景霄雖然沒有打斷,但是他渾身的氣息在變冷。
最后,他把向清歡抱在懷里,緊緊的:“這種人,簡直是畜生,竟然那么高大的成年人,嚇唬一個那么小的孩子!”
向清歡沉默了好一會兒。
她才呼出一口濁氣,緩緩地說:
“其實,他當時,不是只想嚇唬的,我看見了他眼里的欲望。只不過,外公真的只是去樓下,他才暫時放棄,后來我選擇離開這里去插隊,除了沒有好工作之外,也是我要避開他。
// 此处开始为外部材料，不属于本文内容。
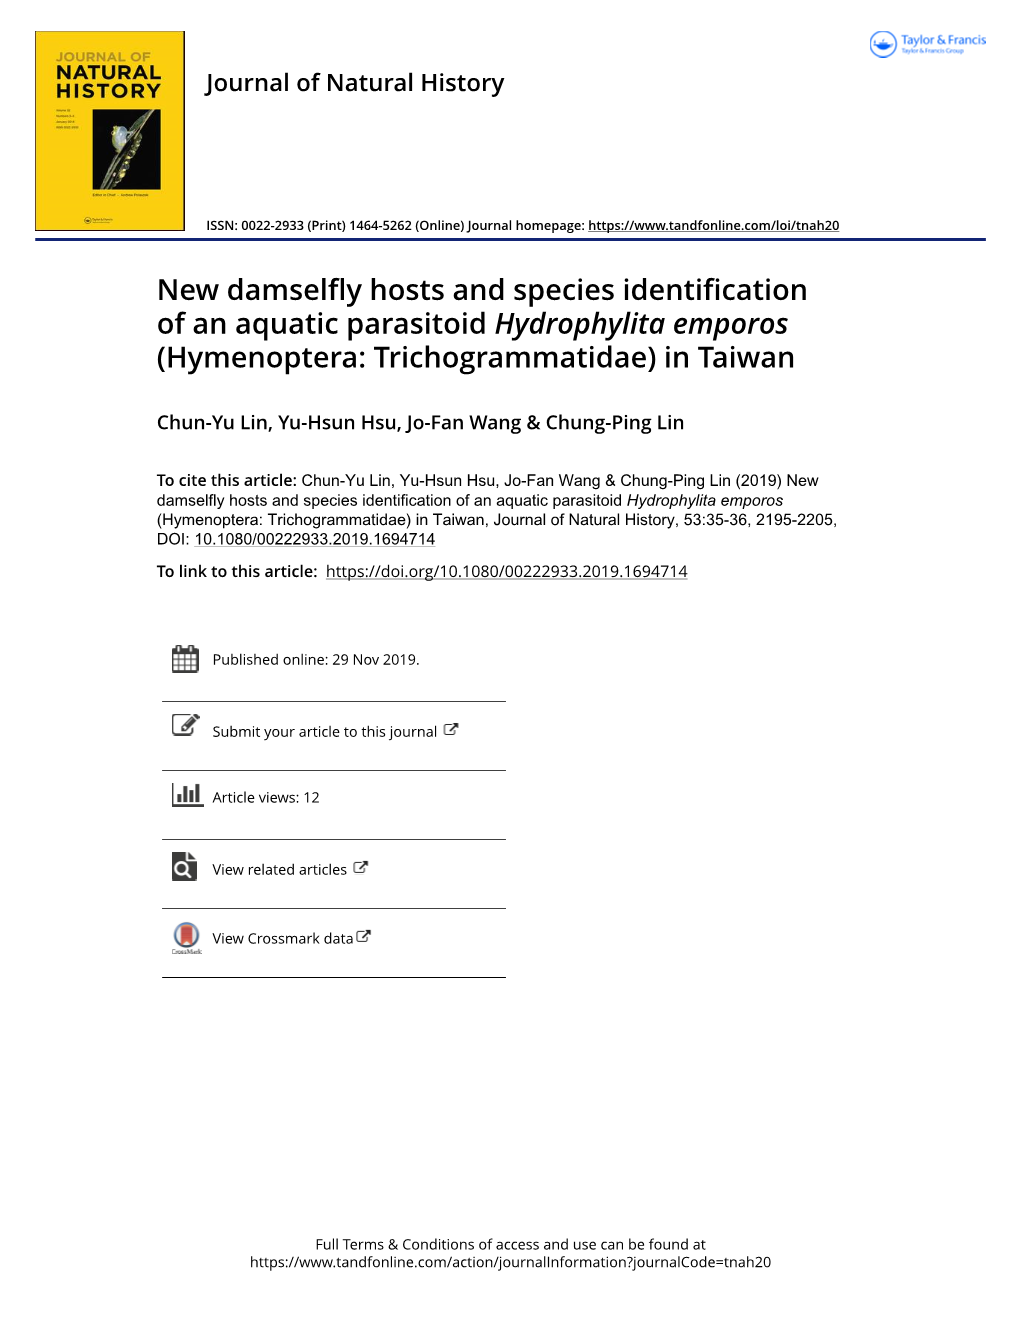 New Damselfly Hosts and Species Identification of an Aquatic Parasitoid Hydrophylita Emporos (Hymenoptera: Trichogrammatidae) in Taiwan

我媽媽也是發現了這一點,才心甘情愿看我離開海市出去插隊。
總的來說,晏家兄弟雖然是雙胞胎,但很奇怪,兩兄弟長得不一樣,性子也不一樣。老大雖然對我也不咋地,但是能感覺到他只是不喜歡我罷了,不會有惡意。只有這個晏屹峰,一副鬼祟的樣子,壞透了,他這種人,只是正好沒機會,有機會,他會無惡不作!”
景霄眼里,閃過暗芒:“看來,還真是個畜生!那,只是讓魏無賴纏上他們可不夠,要不然,干脆把你說的那個金條的事坐實,讓他們吐出來?”
向清歡想了想:“那個還是冒險了些。因為我之前聽梅素琴的心聲,晏華照抱我媽媽回去的時候,除了金條還有一封信的,不知道那封信寫了什么,之前我想著親舅舅找到了,也沒去計較了,但現在我就特別想知道內容。所以,明后天我們這么辦……”
兩人商量了好一陣子,景霄才回去辦公樓上班了。
向清歡百無聊賴,最終拿了把長柄掃帚當拐杖,一瘸一拐地去找了明蘭。
之前答應明蘭的工錢全部付清之外,趁著明蘭特別高興之際,把自己最近畫的一個冬裝系列給她,讓她照著做出來,還特別指出,有幾件旗袍要先做。
那是她答應景慧珠和于聰聰的新衣服。
明蘭對著一對設計圖紙也是犯難:“這量還挺大的,我一個人肯定做不了。”
“上回找來幫忙的幾個工人你挑挑,挑上兩個,作為長期工人,跟你一起做,我發工資。”
“這……真的?”明蘭期待又擔憂,這年頭,能有個穩定的活,多好啊。
向清歡自信微笑:“真的。”
“多少工資?”
“計件工資。你出個各種衣服的做工價錢,我要覺得合適就給,這樣大家都省心。”
“行,那我可去找我的好姐妹了,正好有兩個孩子上學了,沒工作的呢。”
“大膽地去吧,先把衣服做出來,賣不掉也是我的事。”
合作這么久,向清歡又爽快又大方,明蘭自己又能賺錢,還能帶著親近的人一起掙錢,便高高興興地去了。
處理好了服裝的事情,向清歡還是翻找出夜校的電話,詢問了學校考勤對學習的影響。
這電話打得不容易,足足半個小時才碾轉聯系到相關老師。
她扣除放假的那幾天之外,目前已經缺席了三節課了,老師說,要是超過五節課,就不允許考試。
向清歡算了算,要是她還想去參加廣交會的話,明天晚上的夜校,最好得去一趟。
向清歡把這件事記在床頭的本子上,提醒自己千萬別忘記。